Sign into Basespace, then go to the Prep tab, Biological Samples, and select Import Samples on the upper right. Use Illumina’s Sample Import Template to enter information about your samples. The SampleID and Name can be the same, but make sure they are unique for each sample. Species can be left blank. Upload the completed .csv to import your samples.
Continue to Prep Libraries. Select your library prep kit based on the index format used. If you used our plate indexes select “IDT-ILMN Nextera UD Index Set (A or B) for Nextera DNA Flex.” If you used another index format, you will need to use a different entry for library prep kit. The your project name as the Plate ID. For each sample, check the box next to it on the left, then drag the sample name to the appropriate index well.
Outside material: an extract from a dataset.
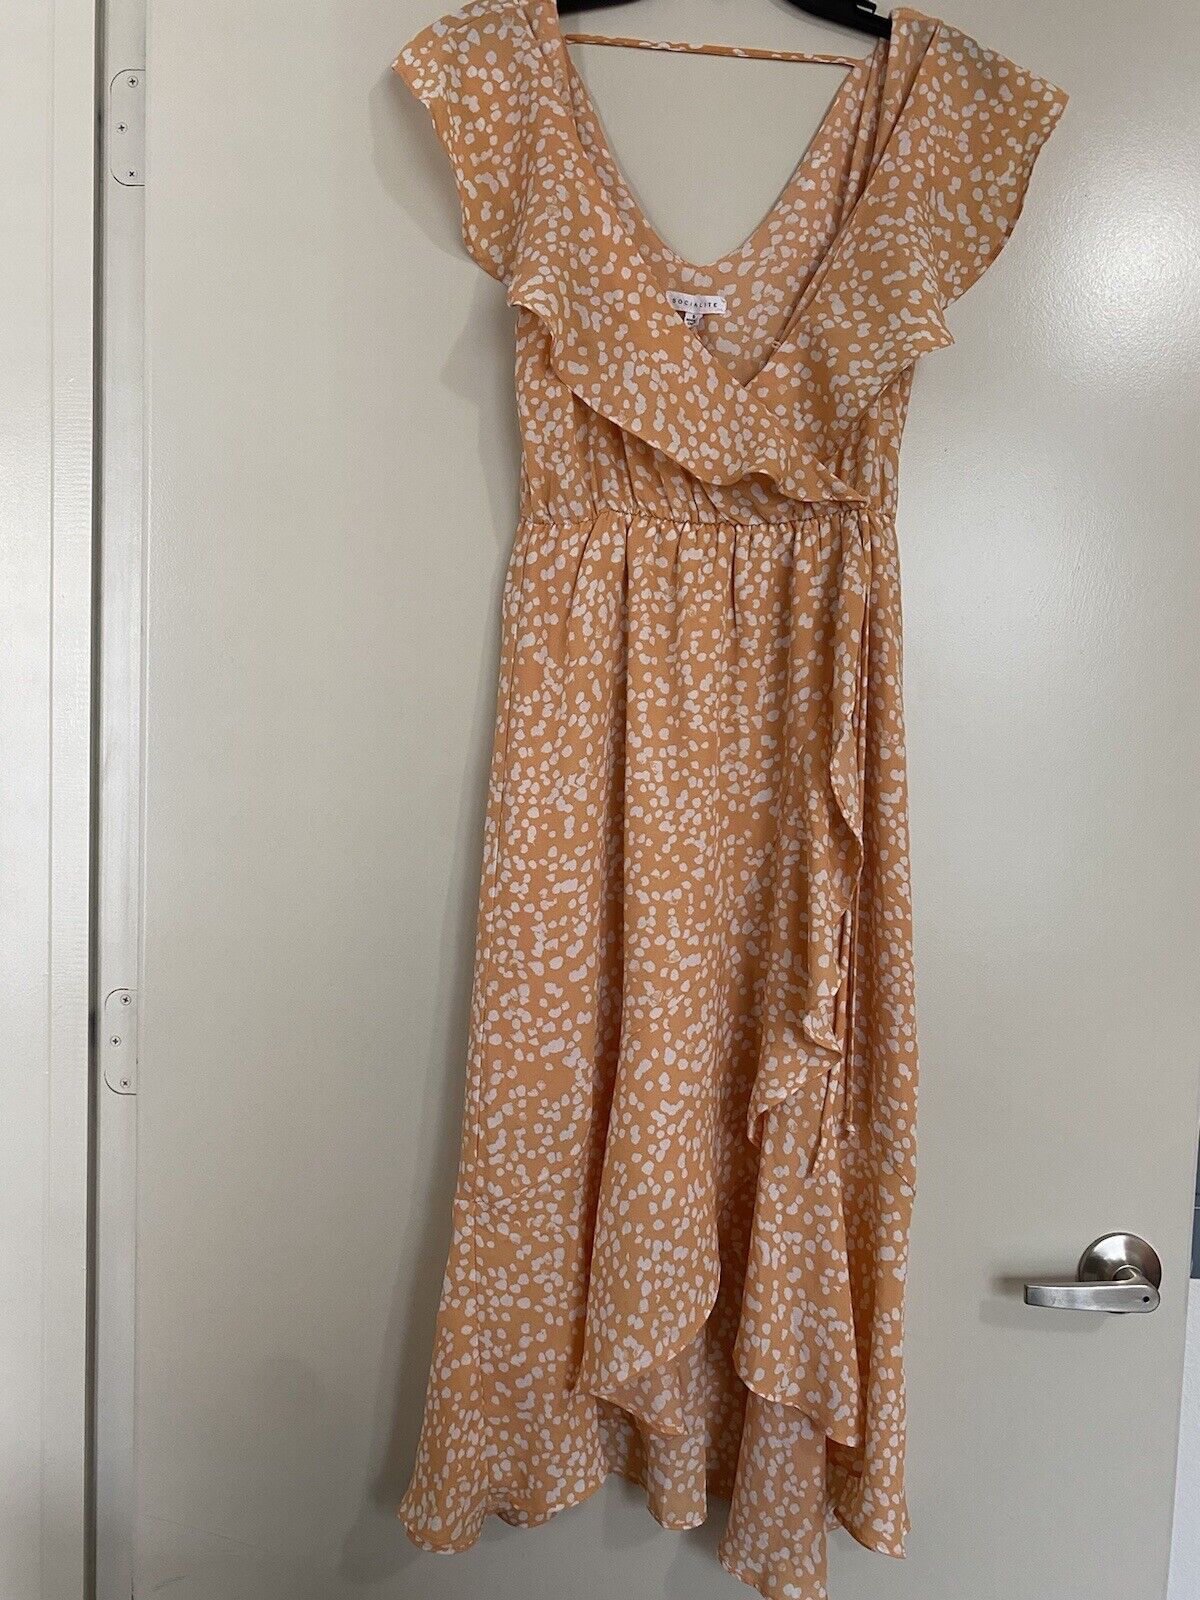 SOCIALITE Orange Ruffle Trim Faux Wrap Dress Size Small

Proceed to Pool Libraries. Select all your samples on the left, then drag and drop in the pool on the right. Name the pool your project name.
Continue to Plan Run. Select NextSeq and name your run your project name. Select Single Read or Paired End Read, then enter the cycle numbers based on your selected kit. For example, if you were doing a run using a High Output 75 Cycle kit, you would select Single Read and enter 72 (for dual 10bp indexes) for Read 1 Cycles and 0 for Read 2 Cycles.
Press Sequence to complete planning the run. The run will now be available for selection on the sequencer.

Loading the Sequencer

  • The next step is to dilute and denature the prepared libraries. Illumina’s general guidelines for this on the NextSeq can be found here.
  • Illumina’s system guide for the NextSeq, which covers the sequening workflow, can be found here.
  • The recommended loading concentration is 1.6pM and 5% PhiX spike-in.